I always love your pictures.


----------



## bjknight93 (Nov 13, 2011)

Very cute!


----------



## xoxsarahxox (Dec 13, 2010)

They both looking gorgeous as always!!! I love the flight pictures of Dally, shes so pretty


----------



## MeanneyFids (Aug 24, 2010)

its been hard to get the flight shots with my new camera. its not as quick at focusing like the point and shoots lol


----------



## Mentha (Jul 11, 2010)

Aww poor Tsuka, it looks like he's been grounded again. He so wanted to fly too.


----------



## MeanneyFids (Aug 24, 2010)

trust me.... i get my face chomped when he flies lol he flies at peoples faces with the intent to rip their noses off. i am not kidding either. 

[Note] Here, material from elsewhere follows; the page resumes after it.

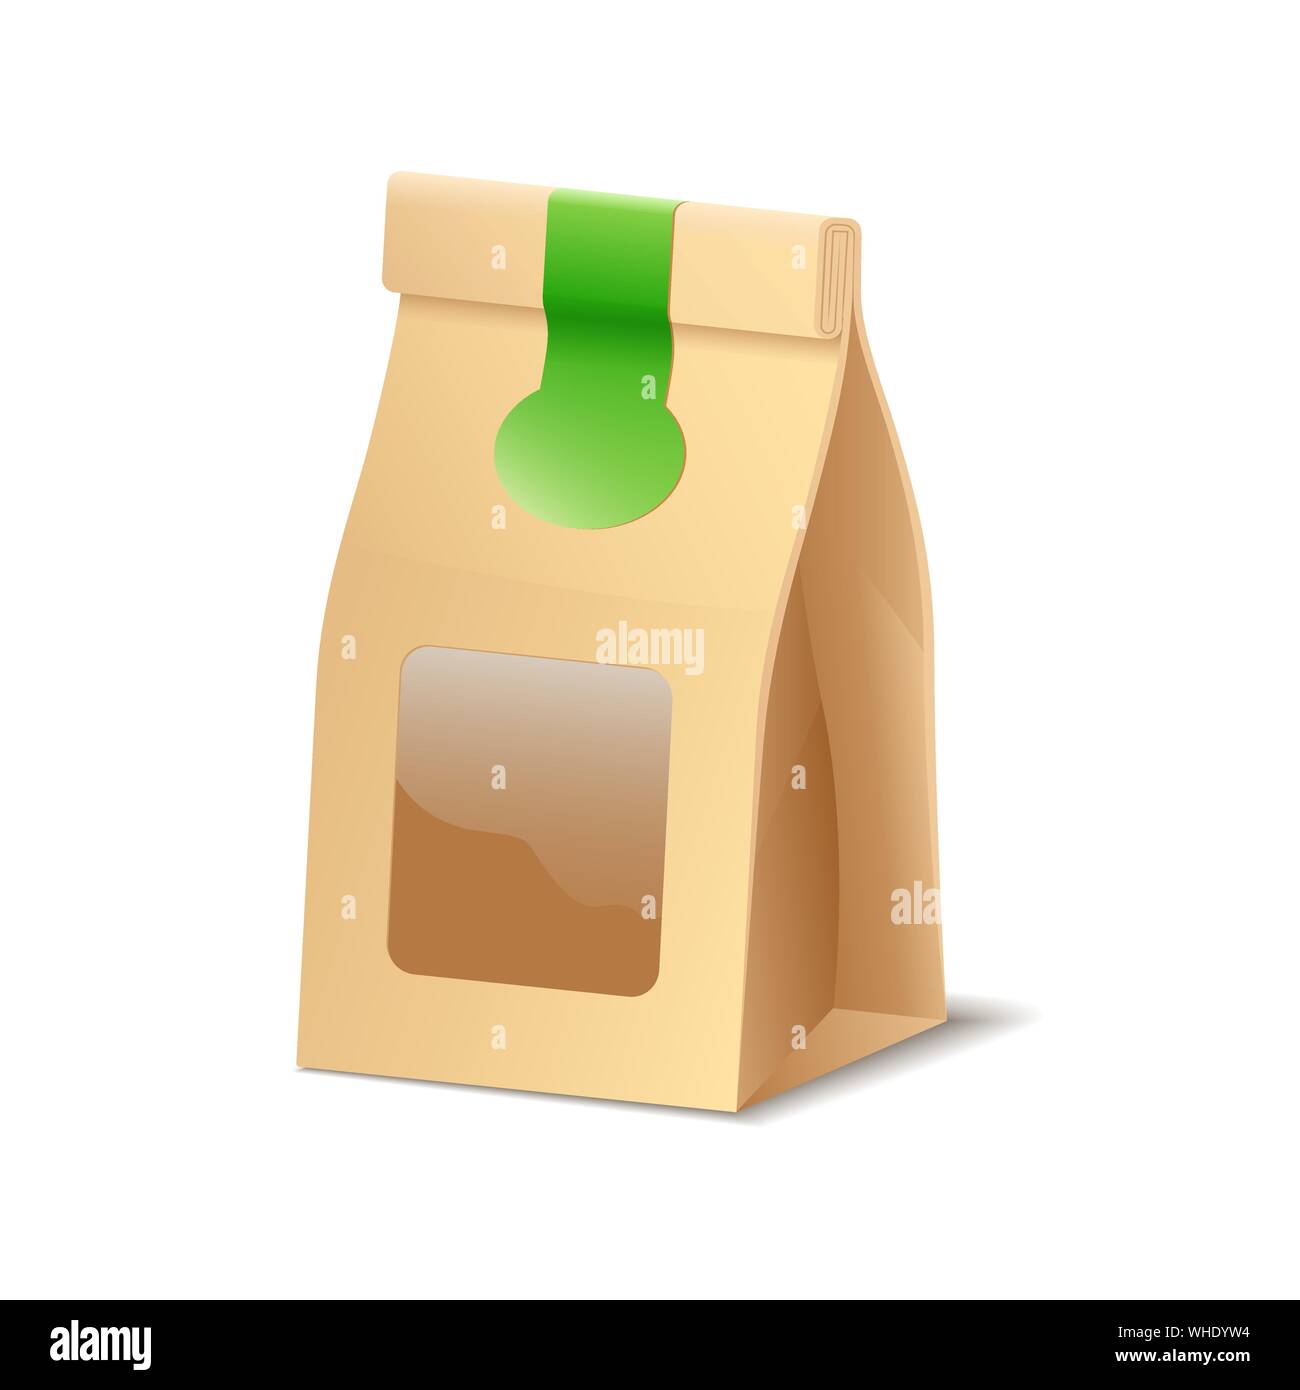 Emballage papier eco shopper Sac pour produits alimentaires, cosmétiques ou autres icône vecteur d'achat Illustration de Vecteur
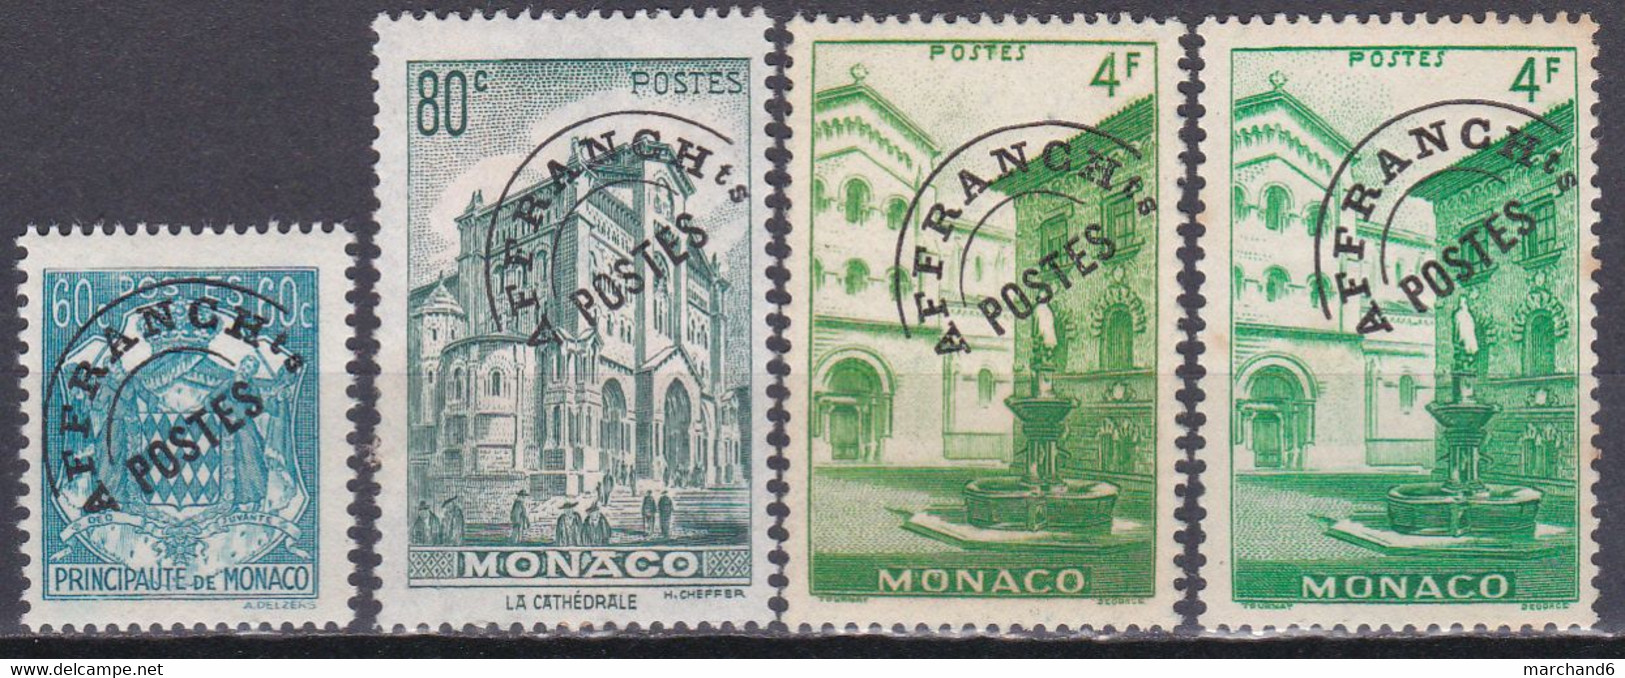 Monaco Timbres Poste Suchargés 1943-51 Préoblitérés N°1-2-3-3a Neuf*charnière - Préoblitérés

he does have issues off and on still with molting, today we had to remove a tail feather where he was growing two feathers from one follicle.


----------



## Mentha (Jul 11, 2010)

I can imagine. Such a sweet innocent face though.


----------



## MeanneyFids (Aug 24, 2010)

haha most of the time....


----------



## sarah (Jul 11, 2011)

wow your photos look super good! i loved the ones which your bird is flying...very high quality...and your birds looks adorable  well done


----------



## MeanneyFids (Aug 24, 2010)

thank you  those flight shots are hard to get


----------



## JaimeS (Nov 28, 2011)

Gorgeous birds, excellent pictures! I love the ones with Dally getting scritches


----------



## MeanneyFids (Aug 24, 2010)

shes a fluffy snugglebug


----------



## Sunshine2009 (Dec 29, 2011)

Wow those are breathtaking! You have a real knack for taking pictures!! They look so happy and content too, so beautiful!! Thanks for sharing!


----------



## sunnysmom (Sep 23, 2011)

What beautiful photos! And gorgeous tiels. I wish you lived closer- I'd try to hire you to take pictures of Sunny.  None of my pictures of him are very good.


----------



## MeanneyFids (Aug 24, 2010)

i'm just a hobby phototaker  there's plenty out there better than me lol :blush:


----------



## Sunshine2009 (Dec 29, 2011)

Aww wondered though looking at your pics if you were a professional, they are so good! I love how your capture thier personalities in each one, so cute! And beautiful, the flying ones are just, wow! Keep it up


----------



## MeanneyFids (Aug 24, 2010)

im still learning my new camera lol


its a canon rebel T3 plus i got the 18-55 mm lens that i use indoors for most of my photos, and the 75-300mm zoom lens for outside use mostly


----------



## meaggiedear (Nov 20, 2011)

I just want to put Dally in my pocket and run!


----------



## sunnysmom (Sep 23, 2011)

DallyTsuka said:


> i'm just a hobby phototaker  there's plenty out there better than me lol :blush:


I knew you were a hobby photo taker but I would still have loved to have you take photos of Sunny. Your photos are always so nice.


----------



## MeanneyFids (Aug 24, 2010)

haha if only i drove and if only i had my passport!! i'd have few issues doing photography for people lol


and i think i'd hear dally if you did that, she screams as soon as i leave her sight lol


----------



## lperry82 (Aug 2, 2010)

Gorgeous pics and they are so adorable


----------



## Motley (Jun 5, 2012)

Stunning pictures


----------